DATASET EXCERPT:
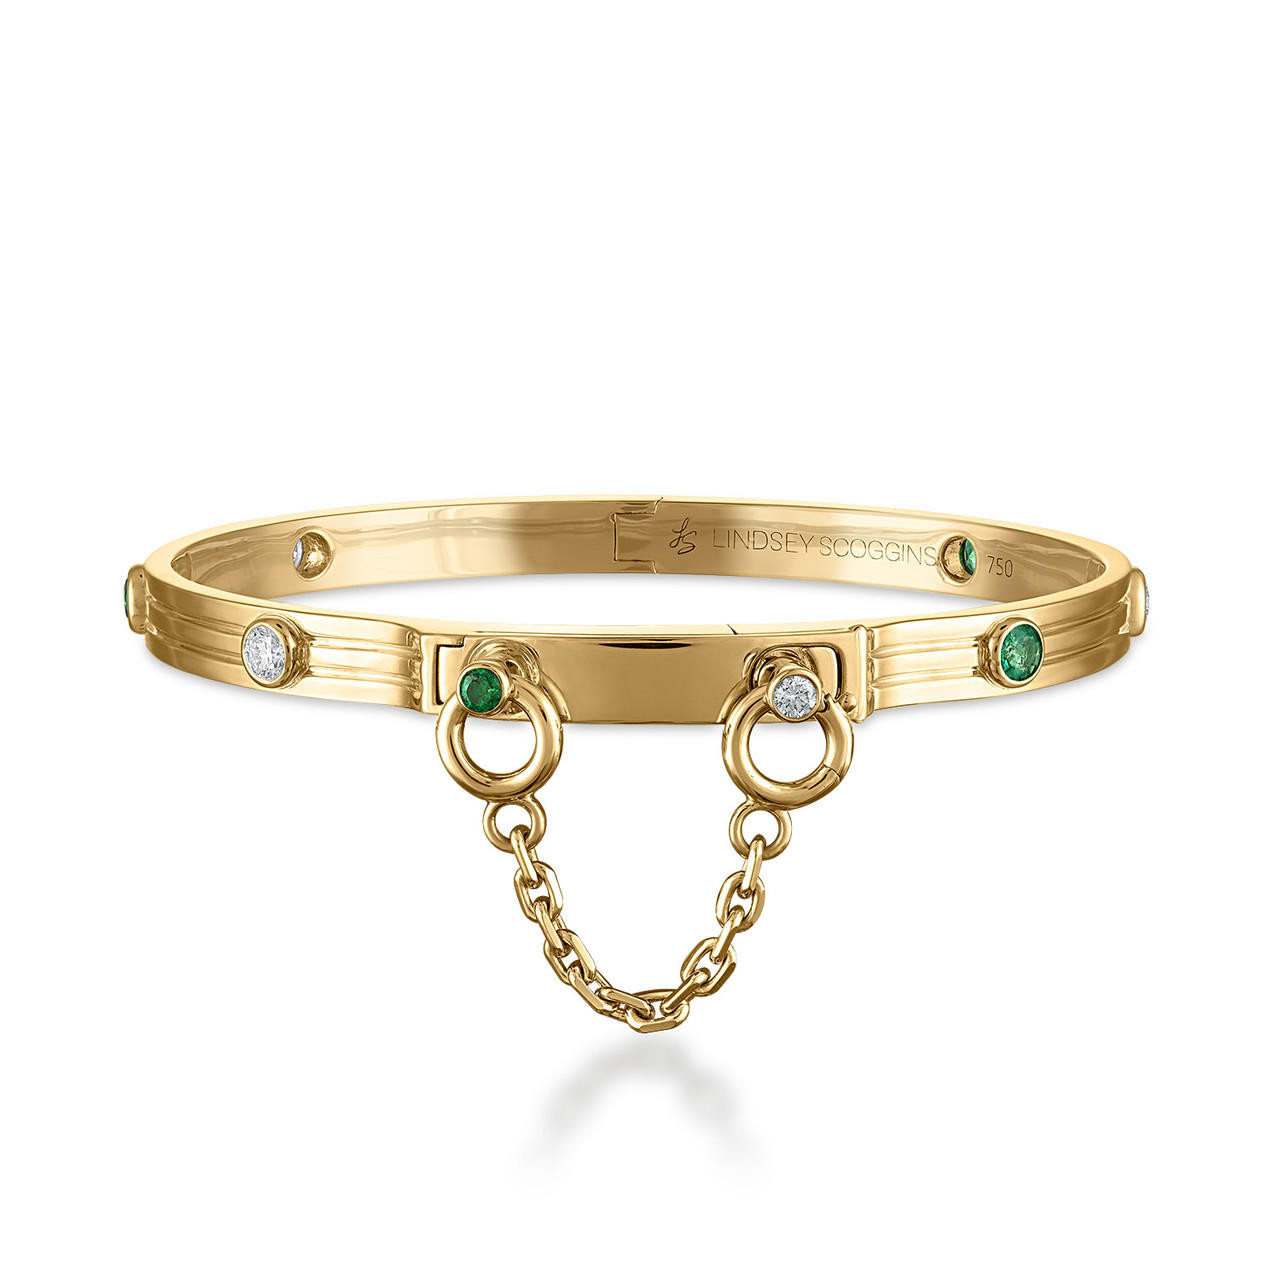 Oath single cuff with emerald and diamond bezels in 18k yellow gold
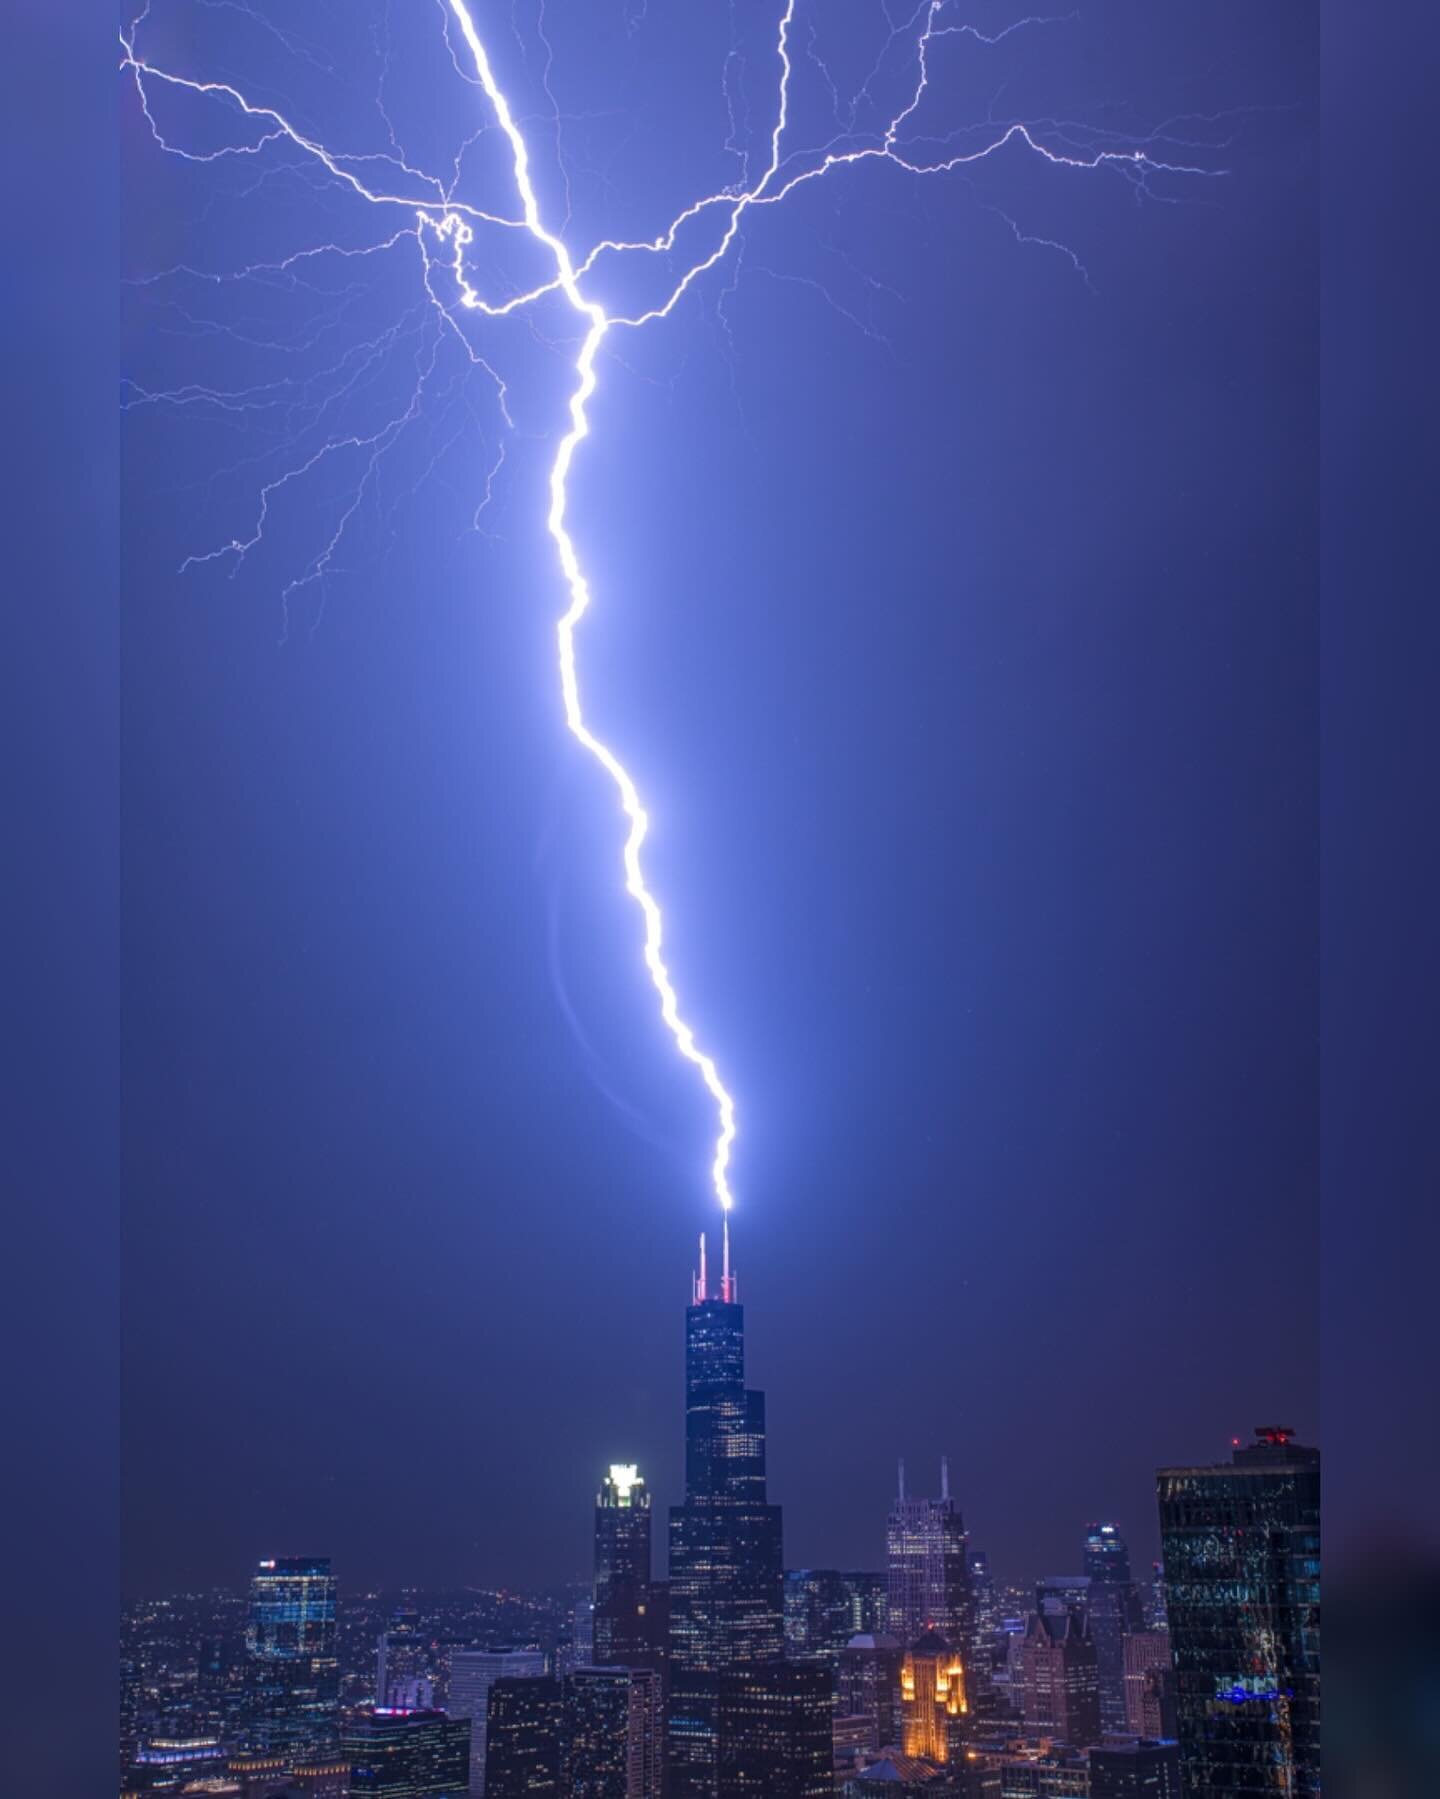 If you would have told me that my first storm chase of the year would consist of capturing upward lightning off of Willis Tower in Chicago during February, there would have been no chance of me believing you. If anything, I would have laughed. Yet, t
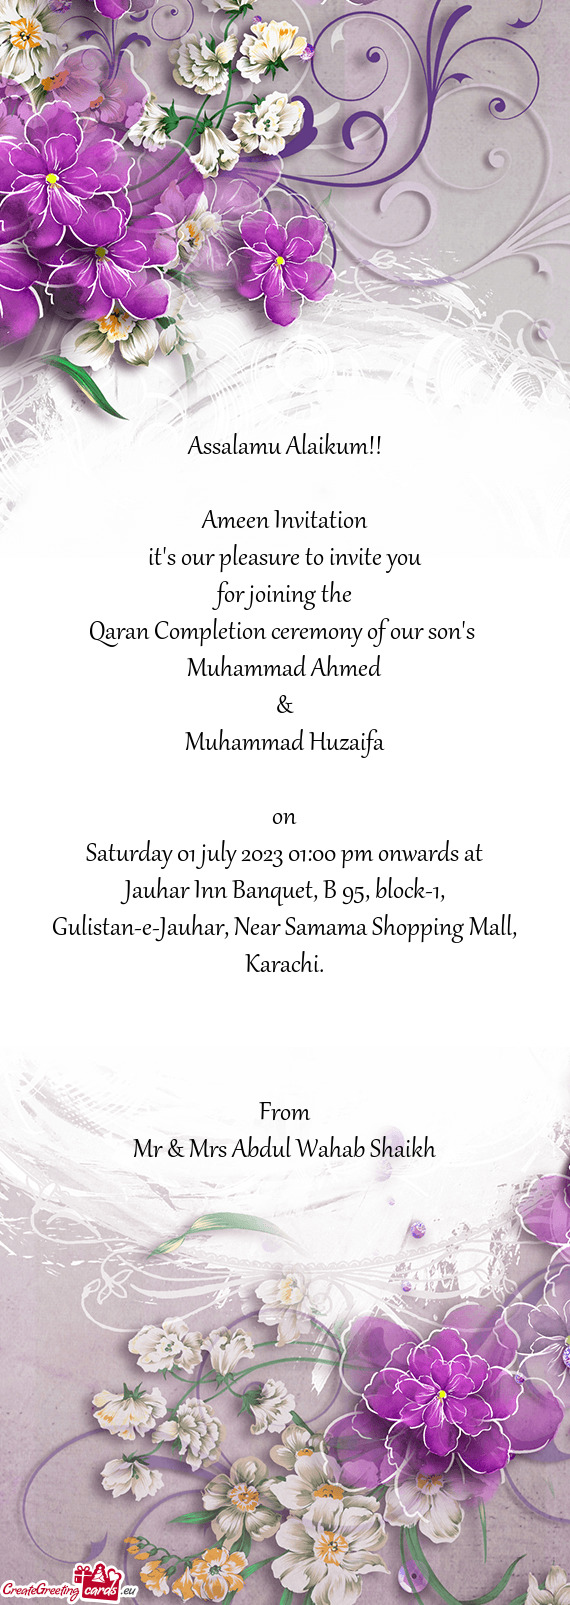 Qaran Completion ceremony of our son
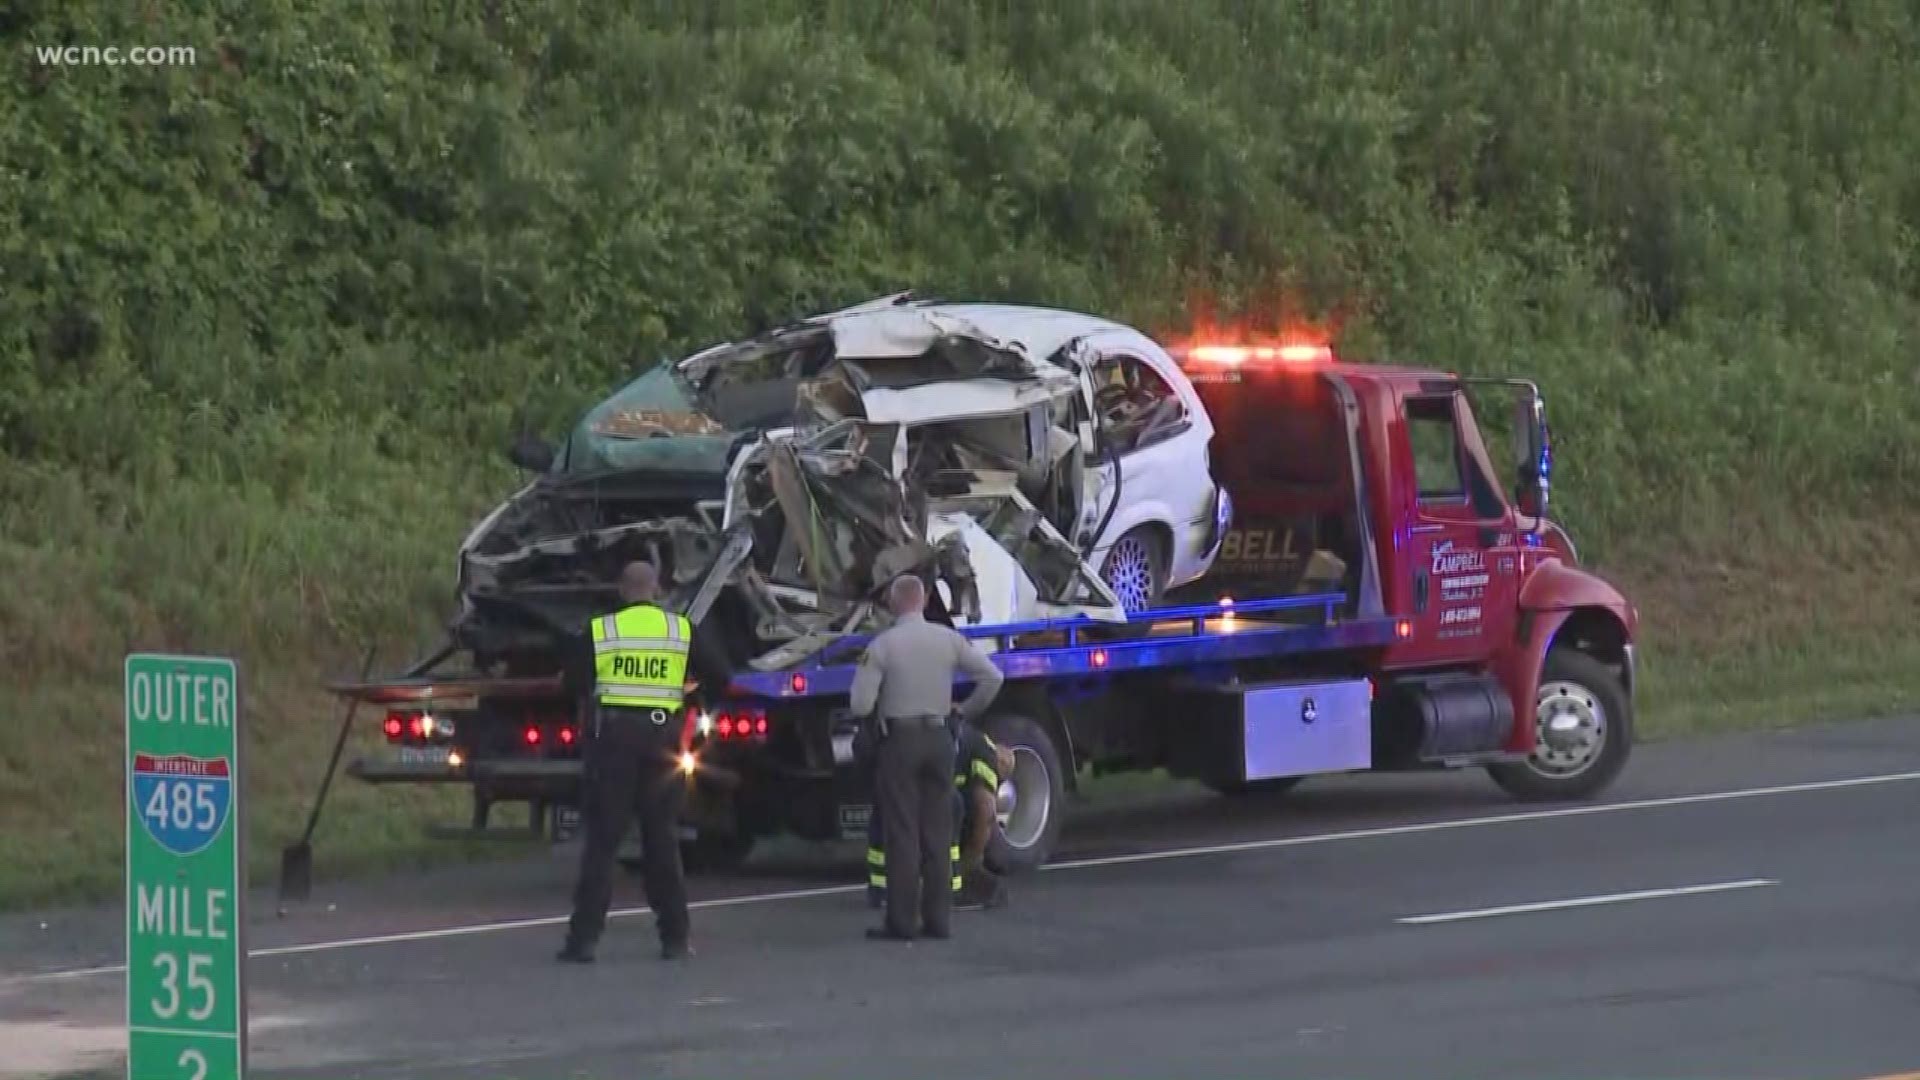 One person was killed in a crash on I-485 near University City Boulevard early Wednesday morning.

WHAT IS REQUIRED: Quote everything in the listing above exactly; pictures are the only thing to omit.

REPLY:
 Oath single cuff with emerald and diamond bezels in 18k yellow gold
 If you would have told me that my first storm chase of the year would consist of capturing upward lightning off of Willis Tower in Chicago during February, there would have been no chance of me believing you. If anything, I would have laughed. Yet, t
 Qaran Completion ceremony of our son
 One person was killed in a crash on I-485 near University City Boulevard early Wednesday morning.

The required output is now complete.